Yong'an's weather had not improved.
Rain needled the square as Ziyan, Li Qiang, Han, Zhao, Wei and Ren huddled under the eaves with the latest scraps of silk spread between them. Pigeon droppings decorated the beam above Ren's head; he ignored them with the focus of a man used to indignity.
"Ji Lu," Ren said, tapping the first hand.
"Wang Yu, by the ink," Ziyan said, tracing the second.
Messages had multiplied lately: Ren Kanyu's cautious updates from the Xia side; Li Shi's weary reports of a front held together with rope; Sun Wei's humorous complaints about fish; Feiyan's rare, sharp notes from shadows between courts. Now these two: warning of a move on Haojin, naming Du, naming the word "sedition."
"The Regent wants Haojin to crack," Han said. "Shears to test the cloth."
"More than that," Ziyan murmured. "He wants us to defend it with steel. Give him a story to tell Xia."
Wei swore under his breath. "We can't just leave Sun Wei and the others," he said. "Du's men will push.

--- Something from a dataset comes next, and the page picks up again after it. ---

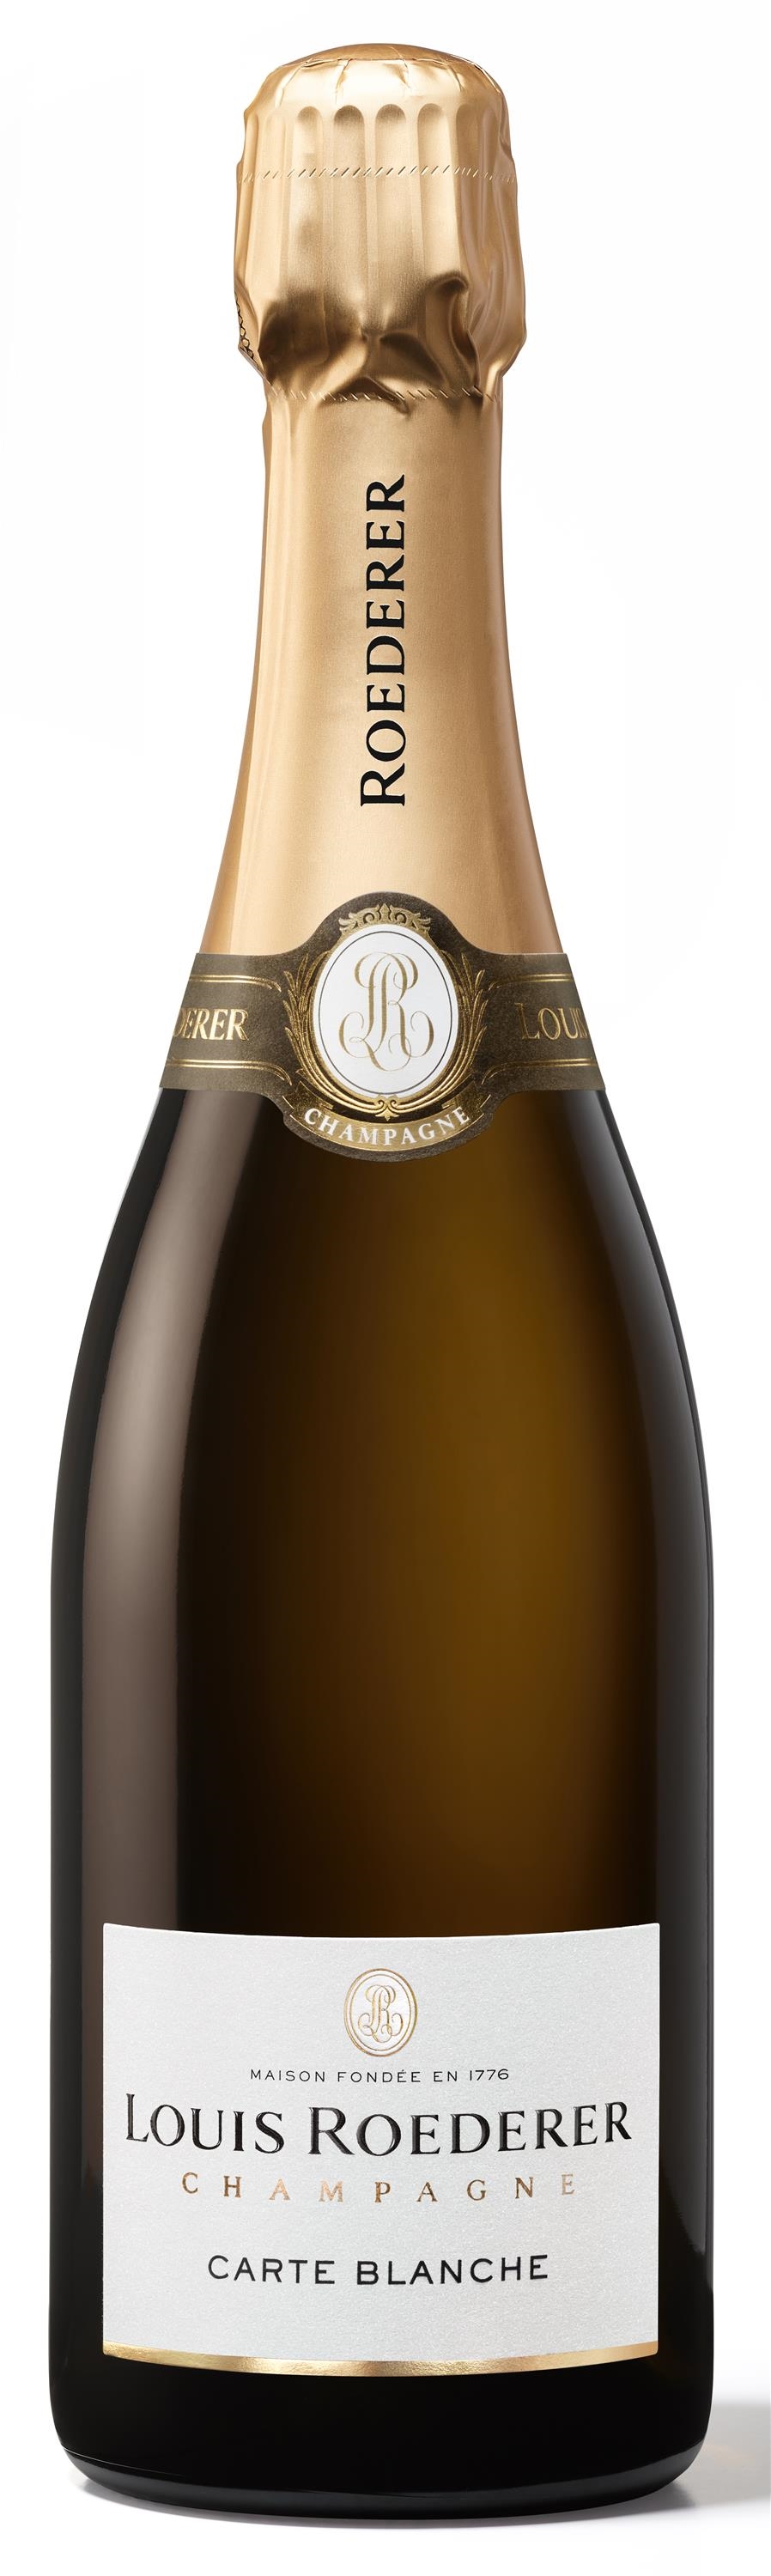 Champagne Louis Roederer Carte Blanche Collection 243, Demi-Sec

Someone will push back."
"Du didn't sound eager to smash bowls," Zhao observed. "If Ji Lu bothers to name him, he thinks the man can hesitate."
"Hesitation breaks under orders," Han said.
Ziyan looked out at the rain-slick square. At the tablets, their carved words shining dark.
"Inside the door," she said.
Ren glanced up. "What?"
"Du's terms in Haojin," she said. "He let our law stand inside Lin Chang's hall as long as we didn't nail it to the public walls. He drew a line. We stepped back from it. Now Zhang wants that line moved."
"He'll order Du to cross the threshold," Chen Rui said. She had slipped in from the fog, cloak dripping. "Force him to break his own bargain."
"Du can obey the ink," Li Qiang said, "or the line he drew with Sun Wei. Not both."
"Zhang is betting he'll choose ink," Zhao said. "And that we'll choose fury."
Ziyan's hand closed around the jade ring at her thumb until its character bit skin.
"We will not give him his neat story," she said. "Not on his timing."
Wei stared. "So we let Du smash the tablets?" he demanded. "Let him drag Sun Wei out by the hair while we sit here carving new ones?"
Ziyan shook her head. "We send a different story," she said. "Before Du arrives."
Ren's brush hovered. "Dictate," he said.
"Not to Du," she said. "To Sun Wei."
She took the scrap, the ink cold in her fingers.
Hold the hall, she wrote. Hold the law inside. Do not fight Du in the square. If he crosses the door with steel, weigh him as you would any other man. Require witness. Require record. Make him choose in front of his own. If he smashes the tablets, let him. Then carve new ones on the broken pieces when he leaves. The Road is not stone.
She paused, then added:
If lives are the price of one stubborn line, do not pay it for pride. Save it for a place we choose. You are Road work, not bait.
Wei read over her shoulder and scowled. "You're telling him to yield," he said.
"I'm telling him to bend," she answered. "Zhang wants us stiff. Stiff things snap. I would rather be the rope that frays and ties again."
Han grunted approval. "Walls are not only stone," he said. "Sometimes they are habits. Break the right ones."
Li Qiang's eyes flicked to hers, dark and steady. "And when Haojin sends its refugees?" he asked. "When Du decides even a bent hall is too much and drives them toward us?"
"Then we open the gate," she said. "And we put bowls in their hands and law in their ears. Zhang thinks he pushes pieces on a board. Let him. He forgets we stand on the table."
Ren snorted softly. "He'd call that treason against furniture," he said, but his brush flew, copying the message.
"Title for the tablet?" he asked as the pigeon fidgeted in his hand.
Ziyan watched the bird's restless wings.
"On Traps," she said. "And on who chooses which teeth to step between."
Ren grinned and tied the silk.
The pigeon shot up into a sky heavy with other people's plans.
Below, in Yong'an's square, children splashed in the puddles and scolded one another for getting mud on the sparrow carved by the gate.
Far south, in Haojin, Captain Du watched rain bead on Lin Chang's eaves and felt a weight in his pocket: a sealed order with the Regent's sharp-edged characters, and beneath it the memory of a man who had once stood in another hall of ash and heard a different kind of law.
Between the two weights, something in him shifted.
The Road Under Heaven ran through that space too, unseen, waiting to see which way he would lean when hoofbeats and ink came due.